To start off, clone the Github repository

git clone https://github.com/taylorplumer/classifiers-dash

After creating a virtual environment (recommended), you can install the dependencies with the following command:

pip install -r requirements.txt

Configurations

config.py will be the most hands-on file as this is where we’ll make the configurations necessary for the problem at hand.

In this use case, we’ll be exploring a variety of popular algorithms for binary classification that are available as sklearn estimators such as Gaussian Naive Bayes, Logistic Regression, Random Forest, and Gradient Boosting.

The Yellowbrick visualizers used are pulled from the suite of existing classification visualizers.

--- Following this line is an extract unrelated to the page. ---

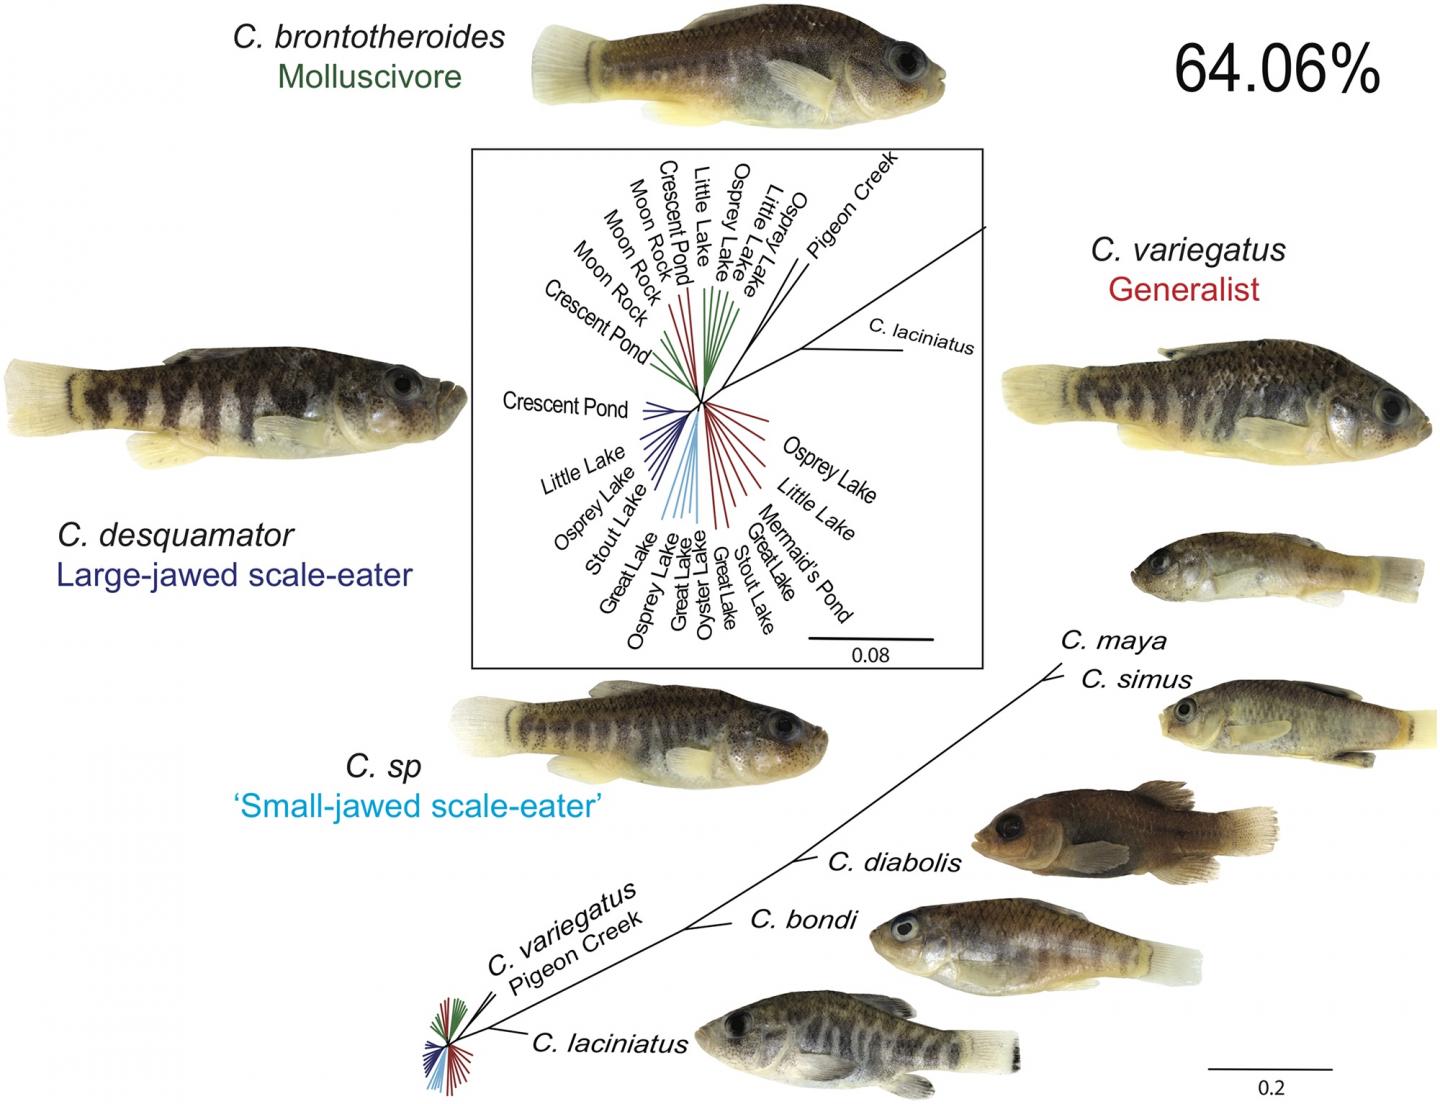 San Salvador Pupfish Acquired Genetic Variation from Fish on Other Islands to Adapt to New Foods

*Note that any sklearn estimators and/or yellowbrick visualizers inputted that are not provided by default in the cloned repo will need to be imported.

Data Processing

Run the following command in the project’s root directory to set up the data and images. The target variable should be the first column int the csv file followed by however many predictor variables.

python3 process_data.py credit.csv

The saved output will be the following:

A csv file of model scores for each model from sklearn.metrics.classification_report
The Yellowbrick visualizations saved as png files.

Dash Application

Before describing the components, let’s run the Dash Plotly web app.

python3 app.py

The app will run locally at http://127.0.0.1:8050/ (or whichever port you selected). We’re live!

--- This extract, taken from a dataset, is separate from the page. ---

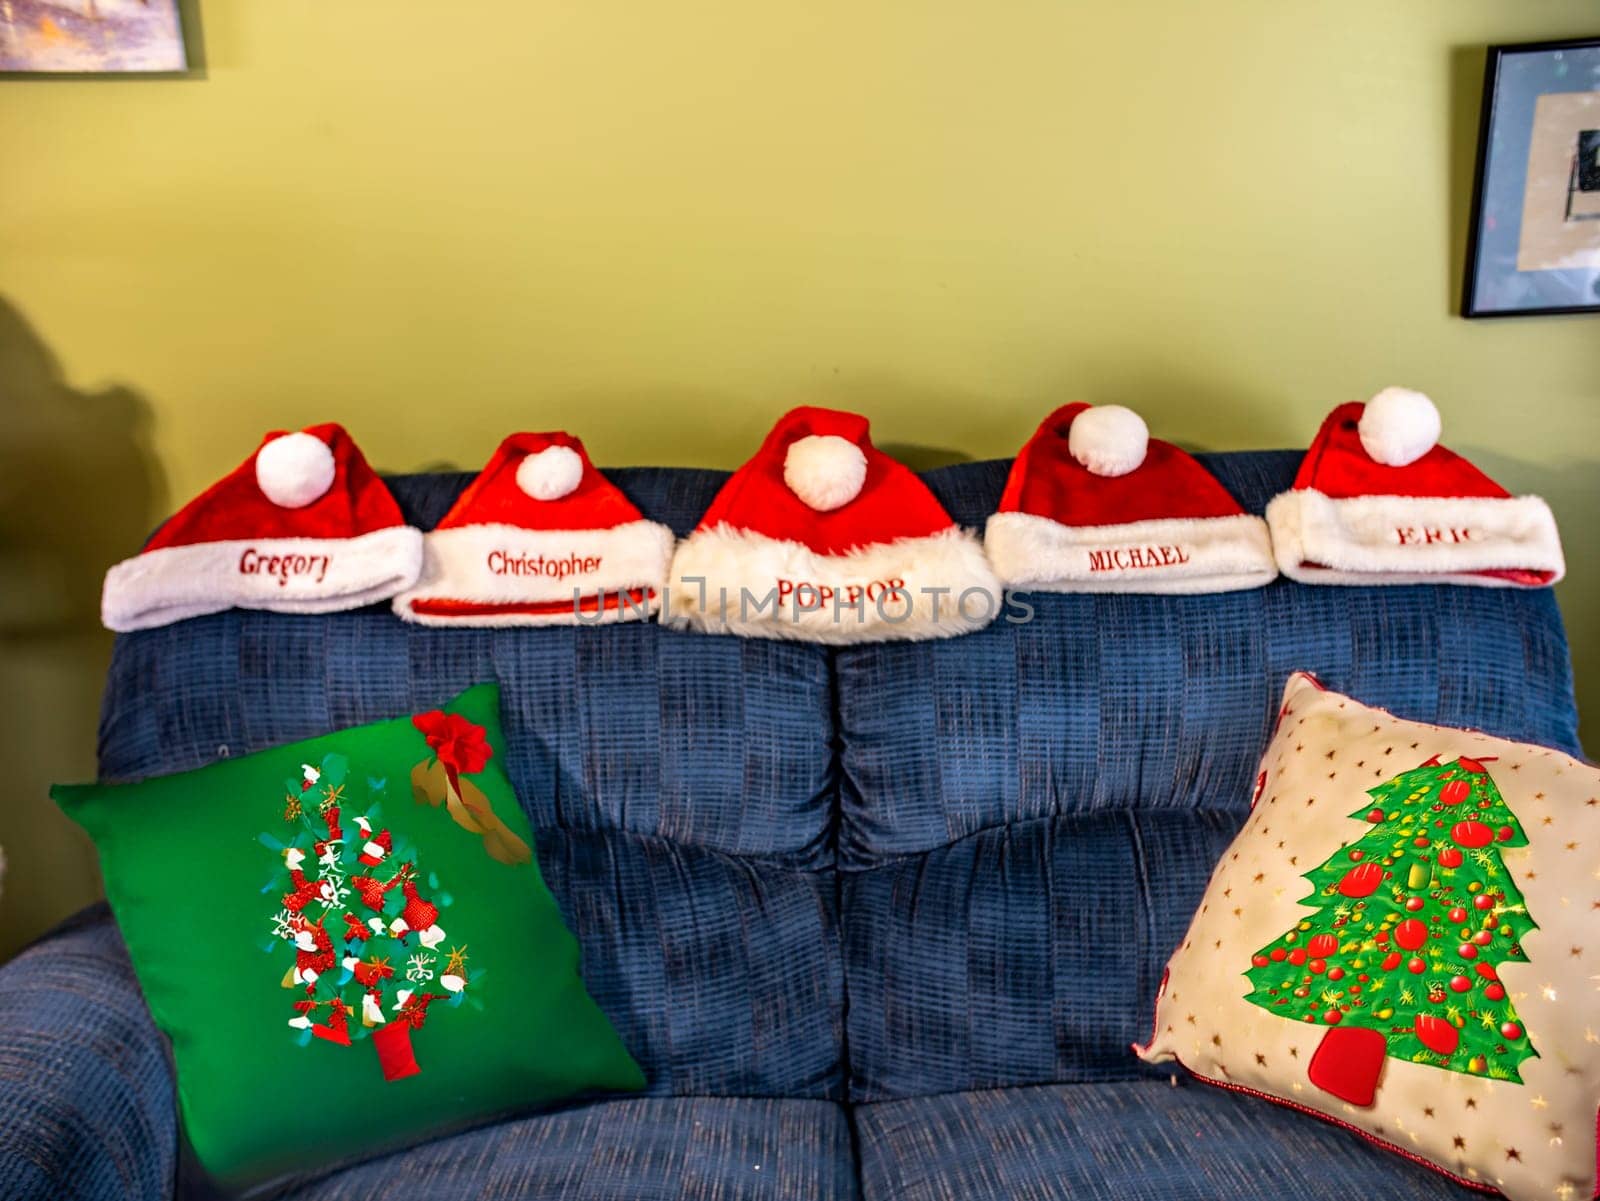 A group of five red santa hats are sitting on a blue couch. The hats are personalized with names and are arranged in a row. The couch is decorated with pillows

A demo deployed to Heroku is available for viewing at the following address: https://classifier-dash-app.herokuapp.com/

The demo is not mobile friendly so please view on desktop/PC for full functionality.

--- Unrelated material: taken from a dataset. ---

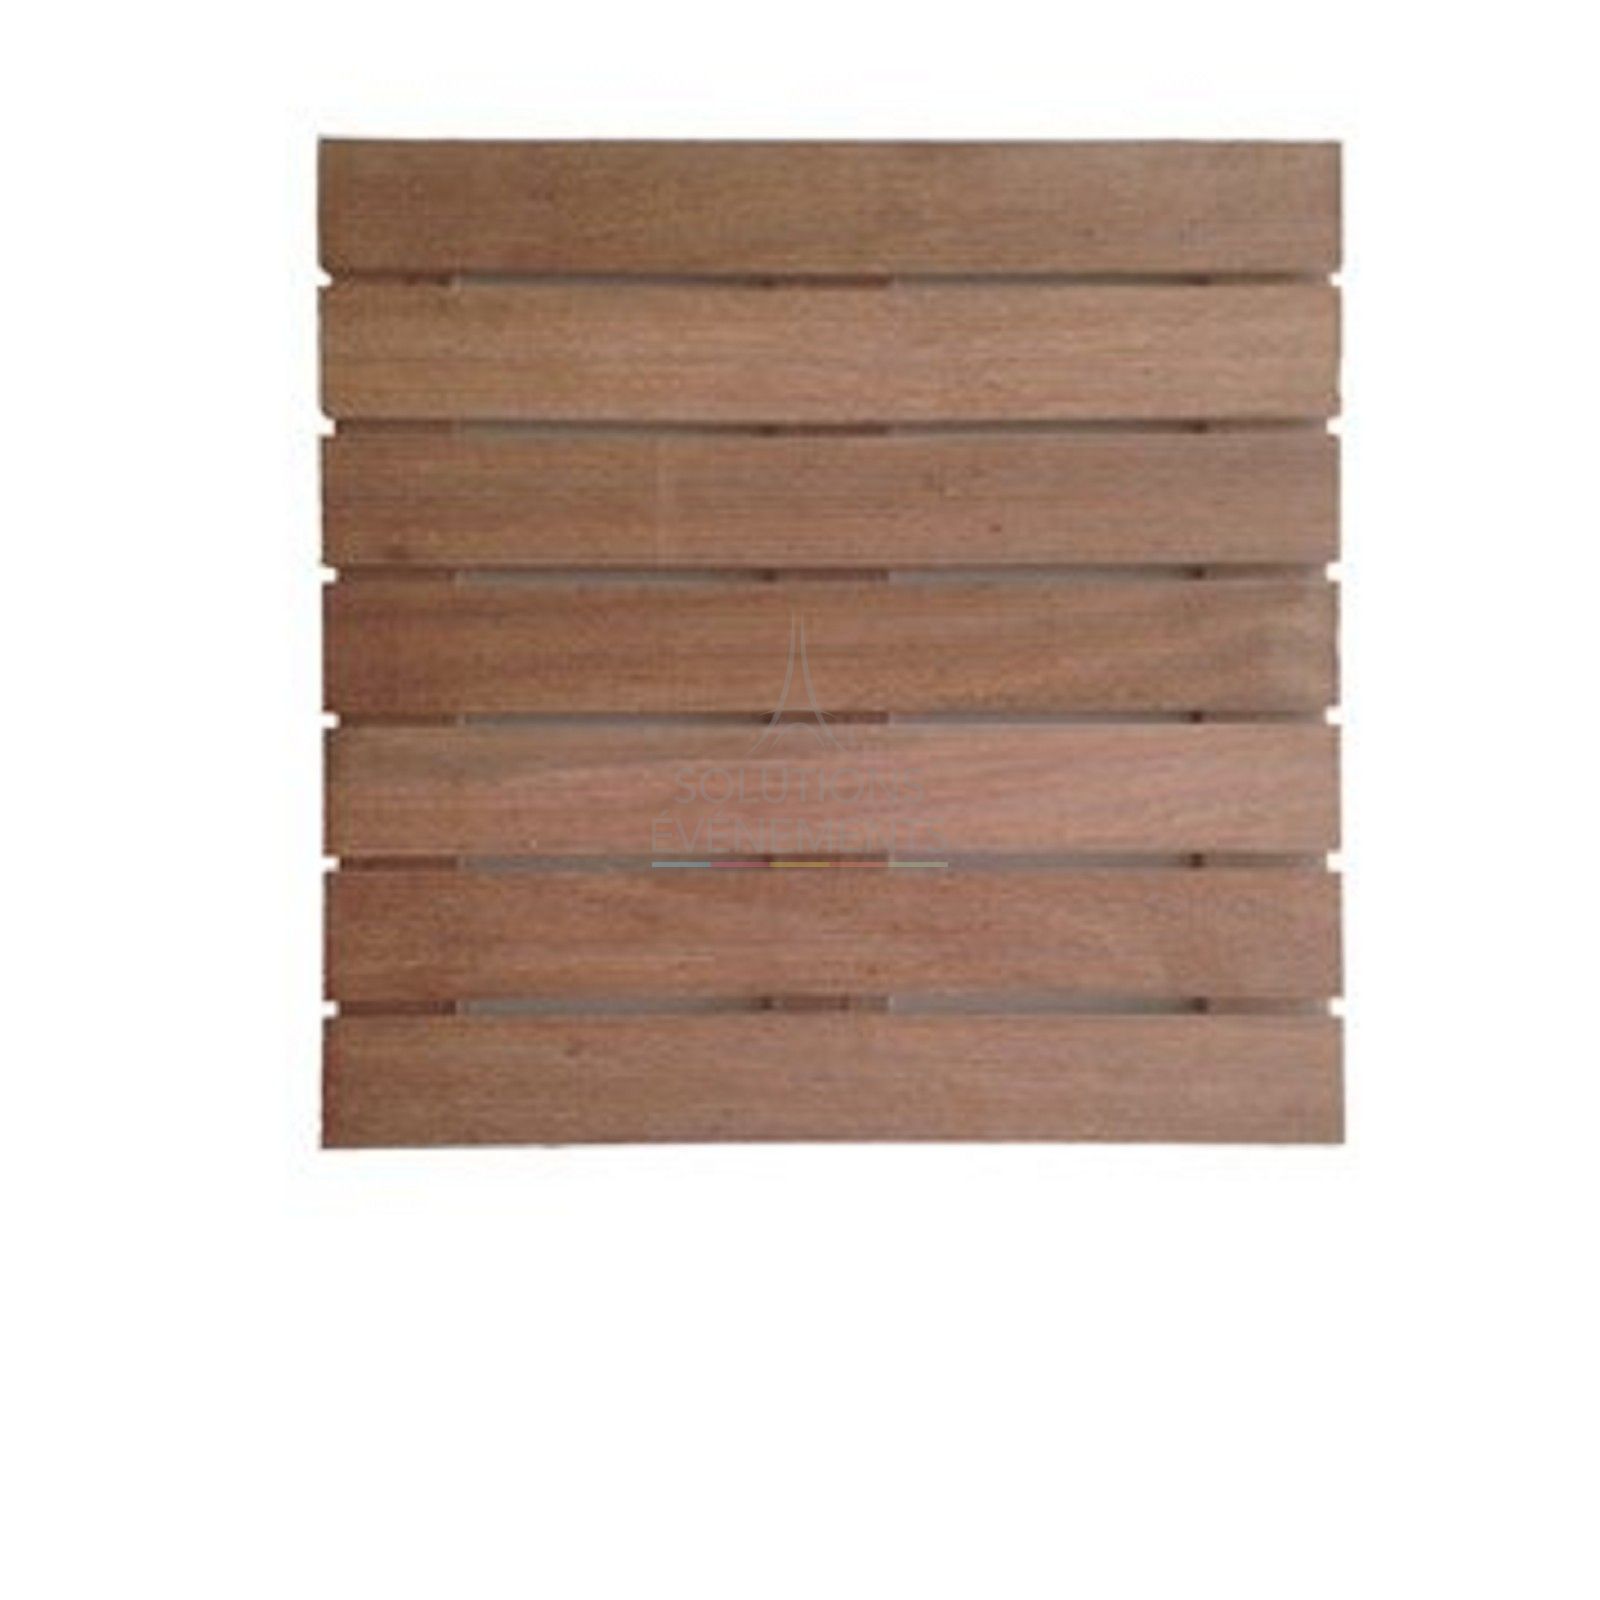 Rental of wooden gratings ideal for creating a terrace on an event.

The web app consists of three components:

A dropdown allowing the user to view models with training data either as-is or synthetically upsampled to address any class imbalance.
- The default is no upsampling
- The upsample.py module within the utils directory can provide details on the upsampling method.
A heatmap containing precision, recall, and f1 scores for each sklearn model along with the following:
- macro average: averaging the unweighted mean per label
- weighted average: averaging the support weighted mean per label
When hovering over associated row in heatmap for sklearn model, model-specific images of matplotlib plots will appear that were populated from utilizing Yellowbrick classification visualizers.
- ROCAUC: Graphs the receiver operating characteristics and area under the curve.
- Precision-Recall Curves: Plots the precision and recall for different probability thresholds.
- Classification Report: A visual classification report that displays precision, recall, and F1 per-class as a heatmap.
- Confusion Matrix: A heatmap view of the confusion matrix of pairs of classes.

What does it tell us?

We can see clearly that the Gaussian naive Bayes model does not perform well (at least with the given set of parameters). The logistic regression model is biased due to the class imbalance and performs poorly on precision and recall for positive cases. We see that it performs better when the upsampling is applied to the training data, but it still doesn’t reach performance similar to either of the ensemble methods represented by the random forest and gradient boosting models.

The visualization is hinting at ensemble methods performing better but can we better distinguish between which family of ensemble methods is better — bagging or boosting? This could be done by editing the config.py file to incorporate extra-trees and AdaBoost classifiers.

The initial diagnostics also help inform us of how to allocate our time moving forward, i.e. looking into the decision trees for feature importance and then moving on to more exhaustive hyperparameter tuning within these algorithms.

Machine learning is an iterative exploratory process, so we’d likely be going back and forth between all three stages of the Model Selection Triple.

Next Steps

If you’re interested in what’s going on under the hood for the process_data.py and app.py files, then I encourage you to check out the github repo!

If you have any issues and/or ideas to make the tool more effective, then please open an issue. Happy coding!

[1] Kumar, Arun & McCann, Robert & Naughton, Jeffrey & Patel, Jignesh. Model Selection Management Systems: The Next Frontier of Advanced Analytics (2016), ACM SIGMOD Record. 44. 17–22. 10.1145/2935694.2935698.